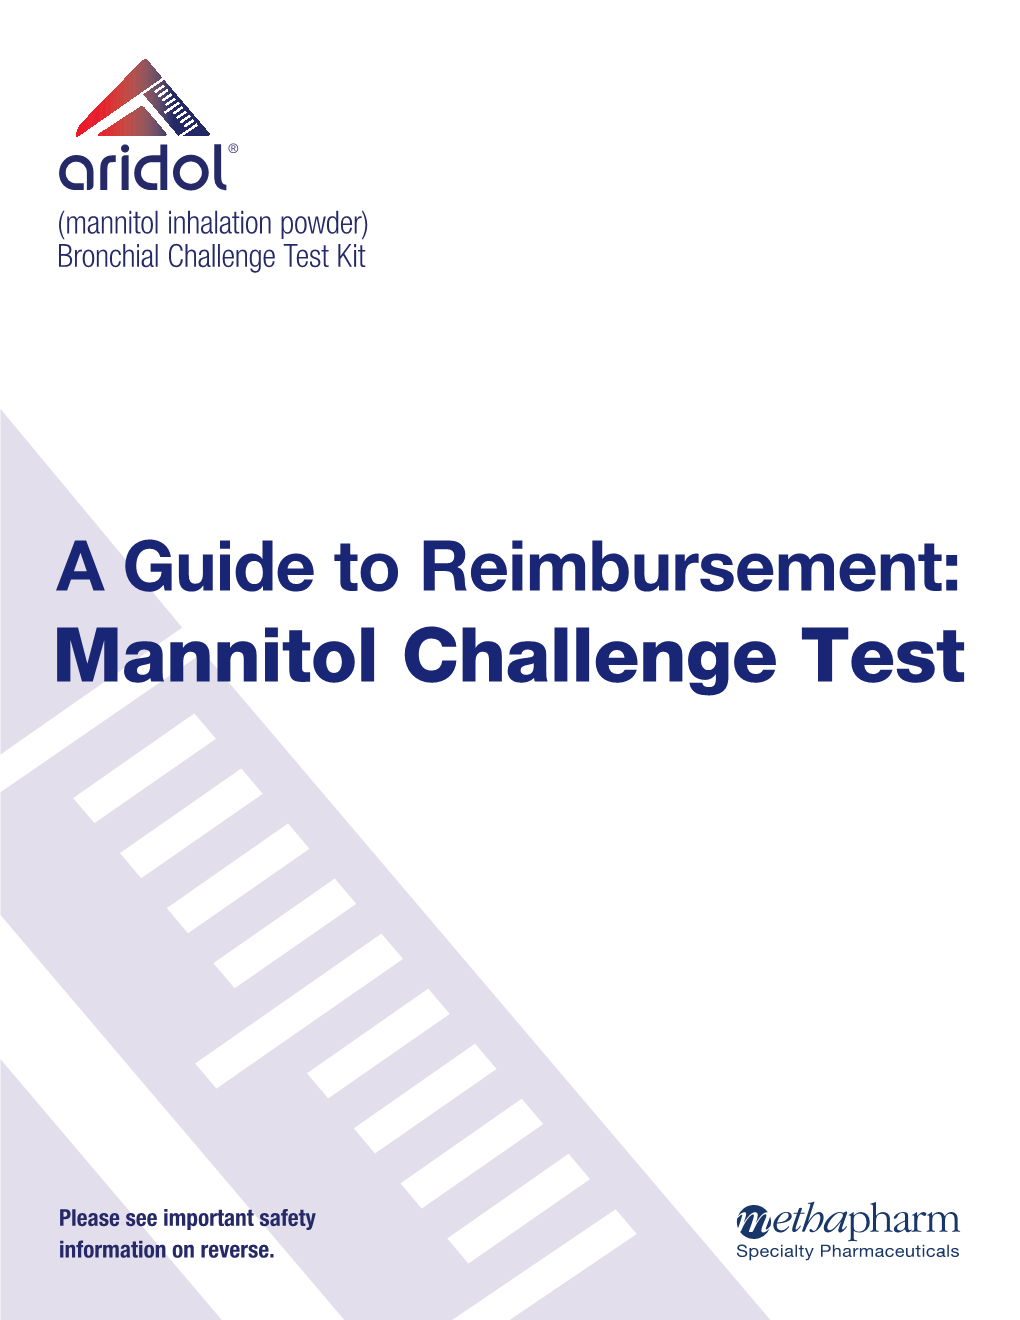 Mannitol Challenge Test
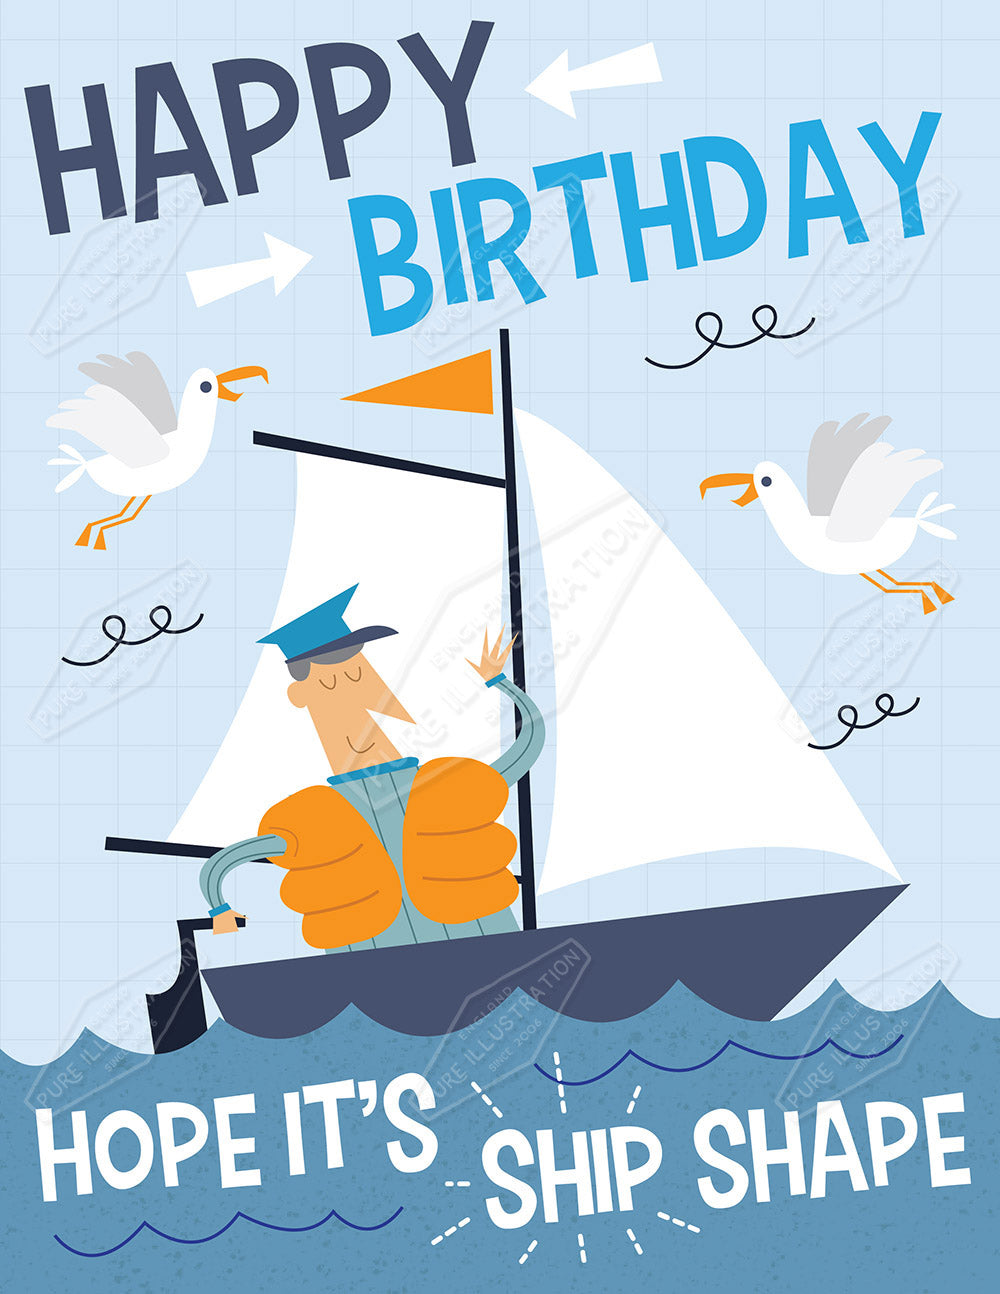 00032862RSW - Luke Swinney is represented by Pure Art Licensing Agency - Birthday Greeting Card Design
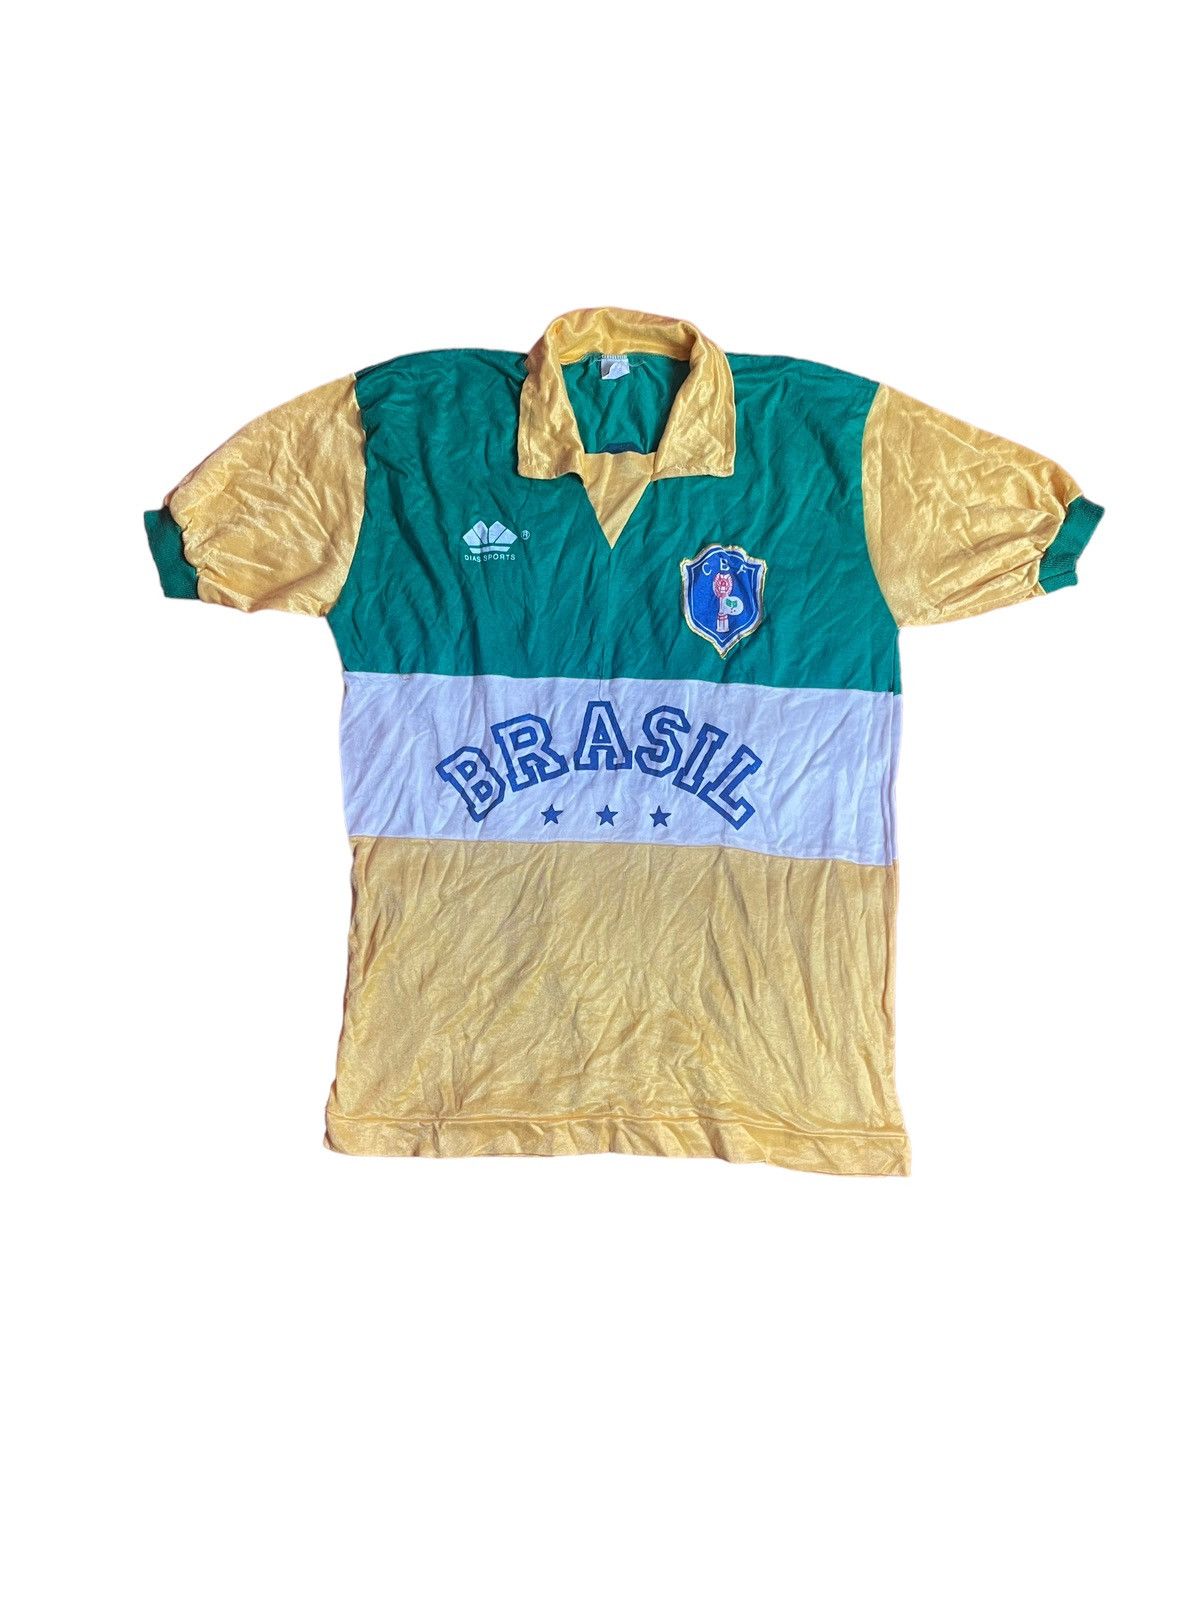 Vintage Vintage 80’s Dias Sport Brazil jersey | Grailed
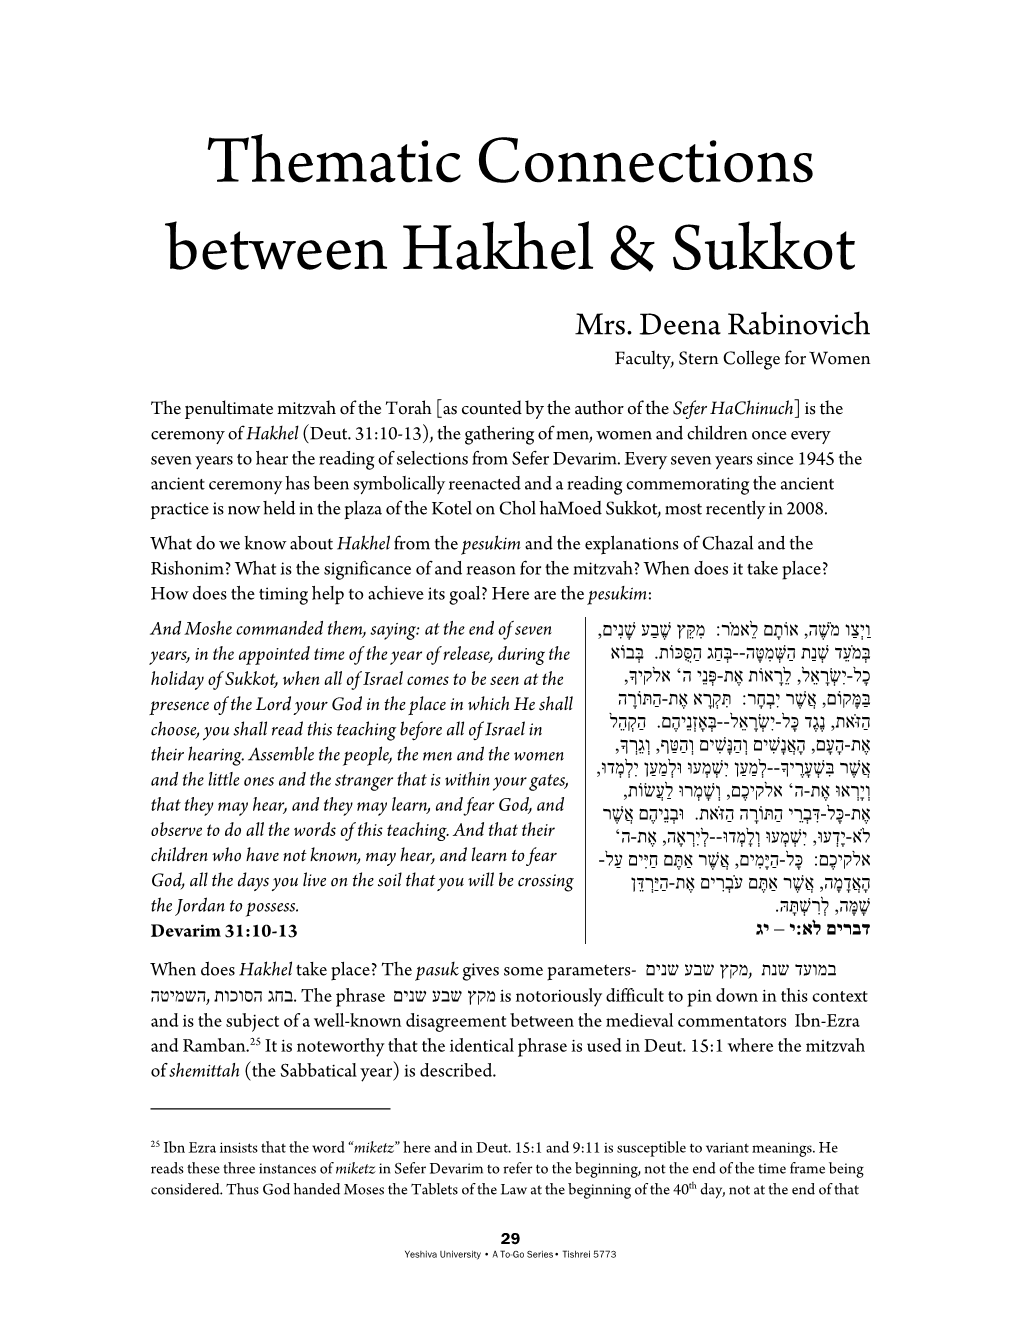 Thematic Connections Between Hakhel & Sukkot

----------

### TASK GOAL:
Everything from the line containing "00032862RSW - Luke" to the last line of the listing above must be reproduced exactly, with no pictures included.

### WRITTEN RESPONSE:
 00032862RSW - Luke Swinney is represented by Pure Art Licensing Agency - Birthday Greeting Card Design
 Vintage Vintage 80’s Dias Sport Brazil jersey | Grailed
 Thematic Connections Between Hakhel & Sukkot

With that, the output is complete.